Une famille contre l’individualisme du monde
Avec Robert Guédiguian, on est en pays de connaissance et on sait précisément à quel type de cinéma on va se confronter. A l’instar d’un Pier Paolo Pasolini, véritable référence pour le cinéaste marseillais, plane dans son activité de metteur en scène (comme de producteur au sein d’Agat Films) l’idée utopique que l’art conscient de lui-même peut changer le monde sans que l’artiste lucide néglige d’intervenir directement dans le débat public…

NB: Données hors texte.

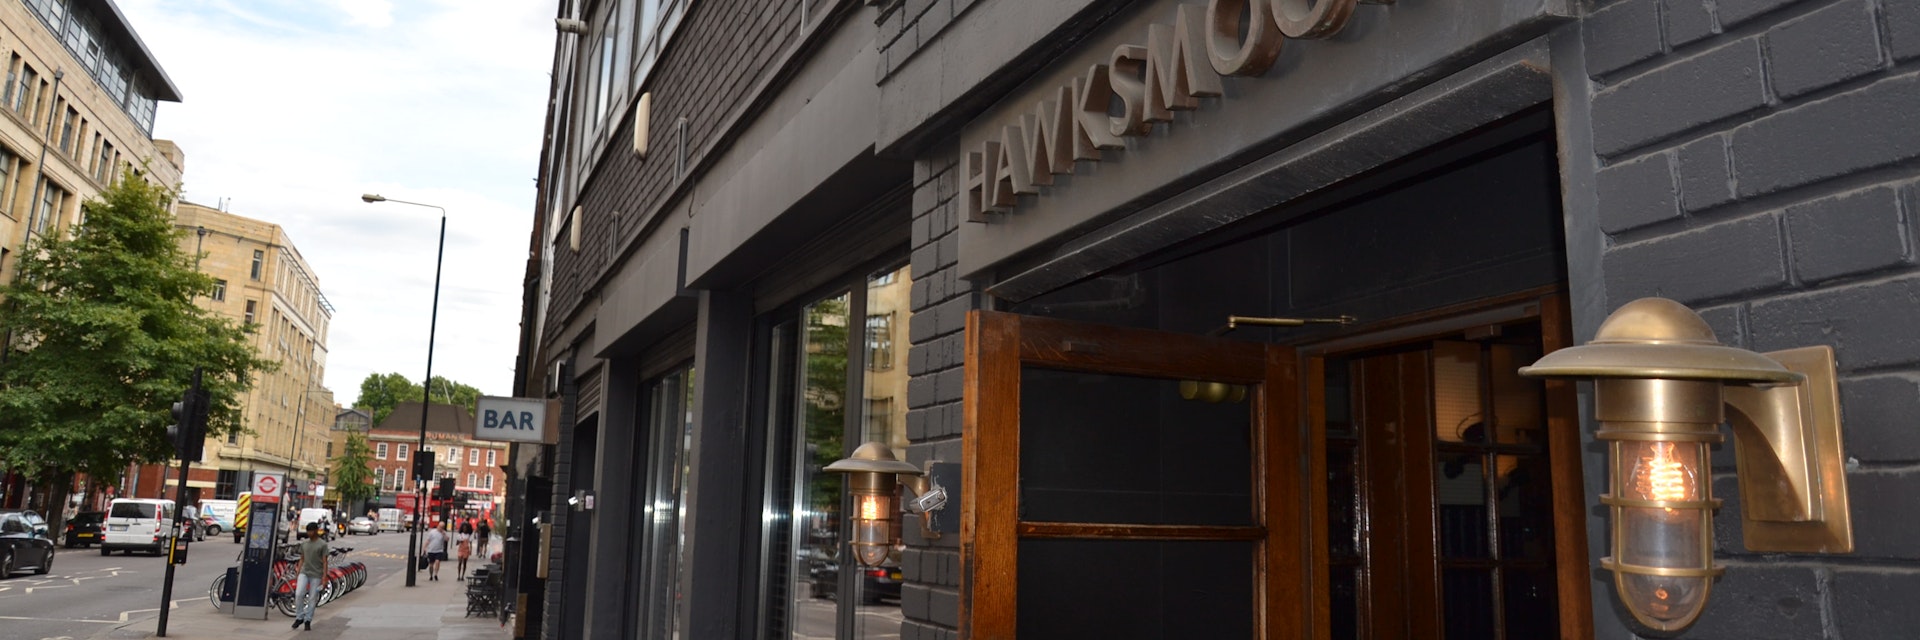 The discreet entrance to Hawksmoor, famed for its high quality steaks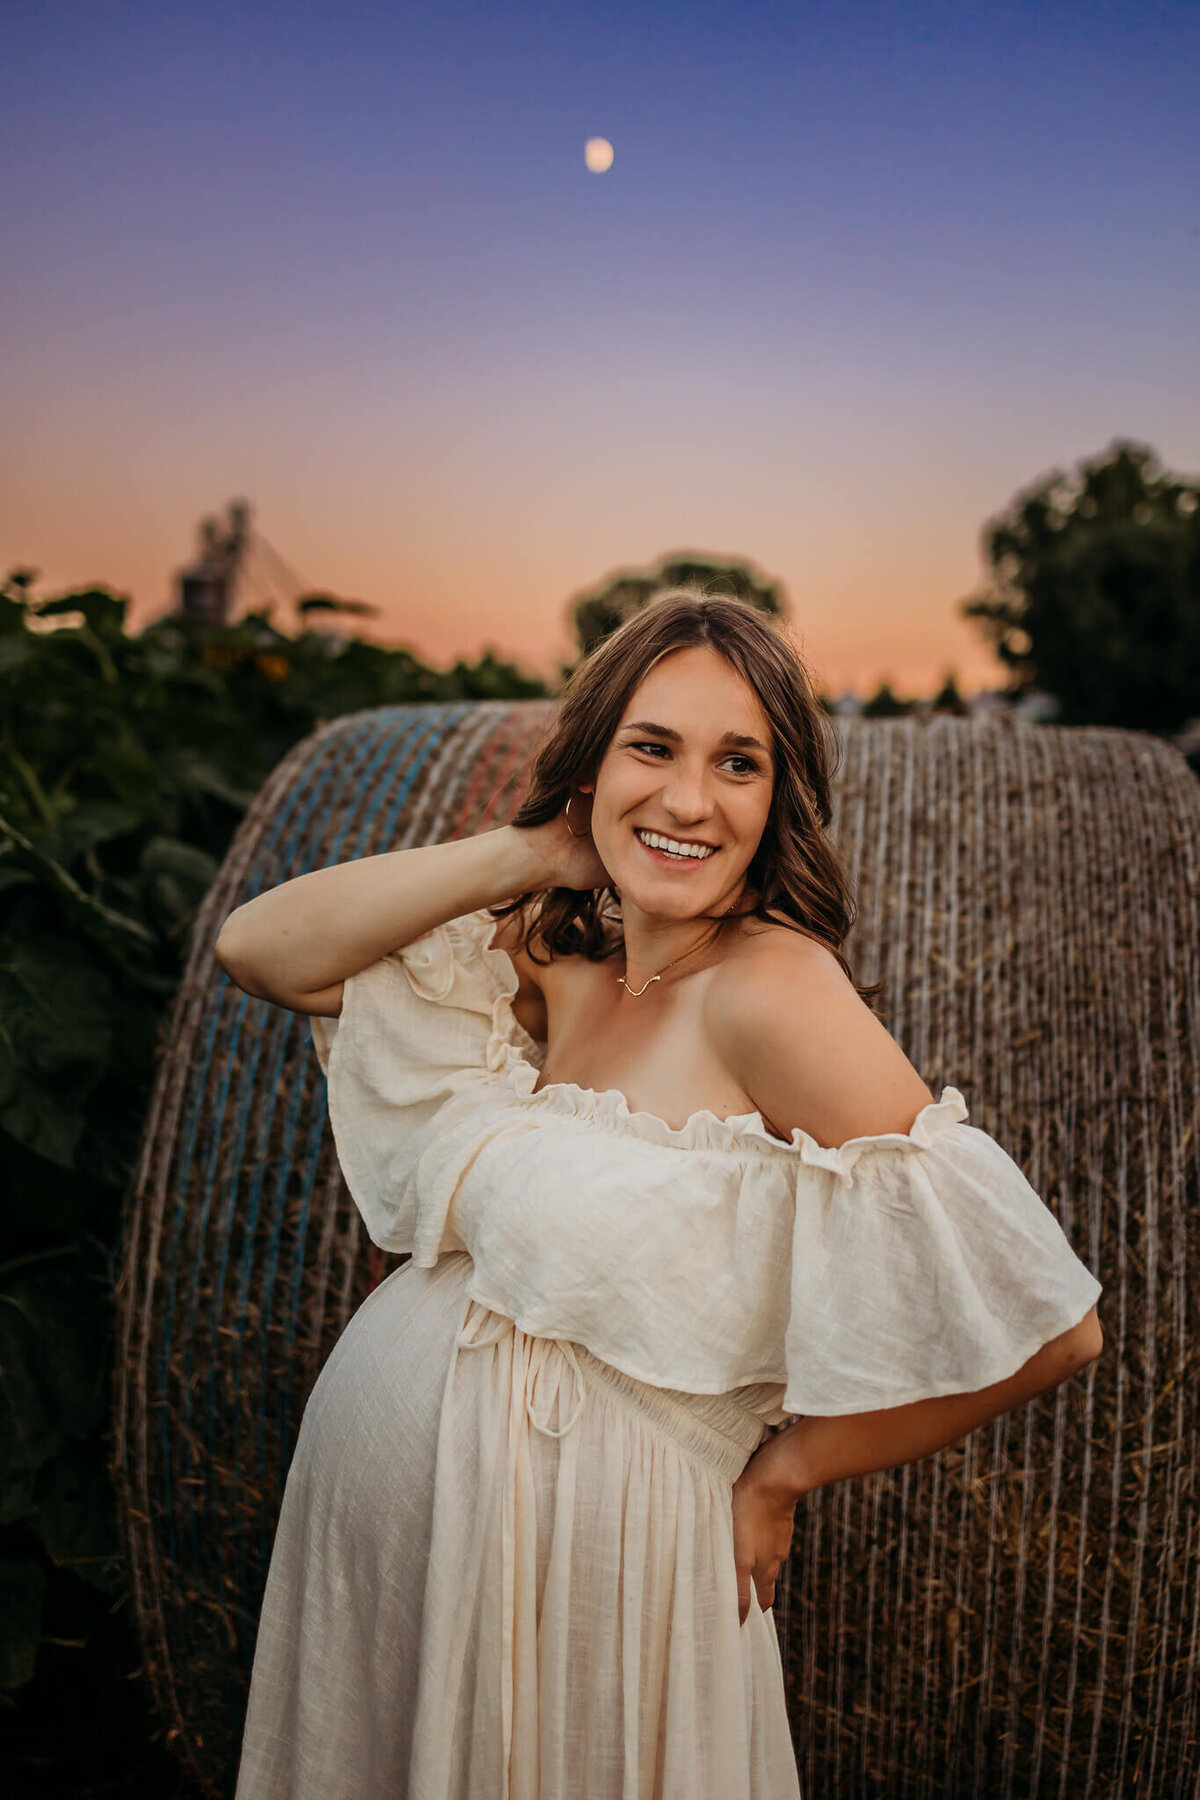 Goldend hour sunset farm maternity session

Avec Gloria Mundi, Guédiguian poursuit donc dans cette veine lorsqu’il déclare : « Pour faire court, nous avons besoin de comédies et de tragédies à proportions égales pour continuer à nous questionner sur nos modes de vie et il faut plus que jamais en ces temps bouleversés continuer à nous questionner pour ne pas succomber à l’illusion que nos sociétés sont naturelles et qu’il y aurait là comme une fatalité. Tout ce qu’un siècle de luttes ouvrières avait réussi à faire entrer dans la conscience des hommes, en un mot la nécessité du partage, a volé en éclats en quelques années pour rétablir ce fléau mortel qu’est la volonté de chacun de posséder ce que les autres possèdent. »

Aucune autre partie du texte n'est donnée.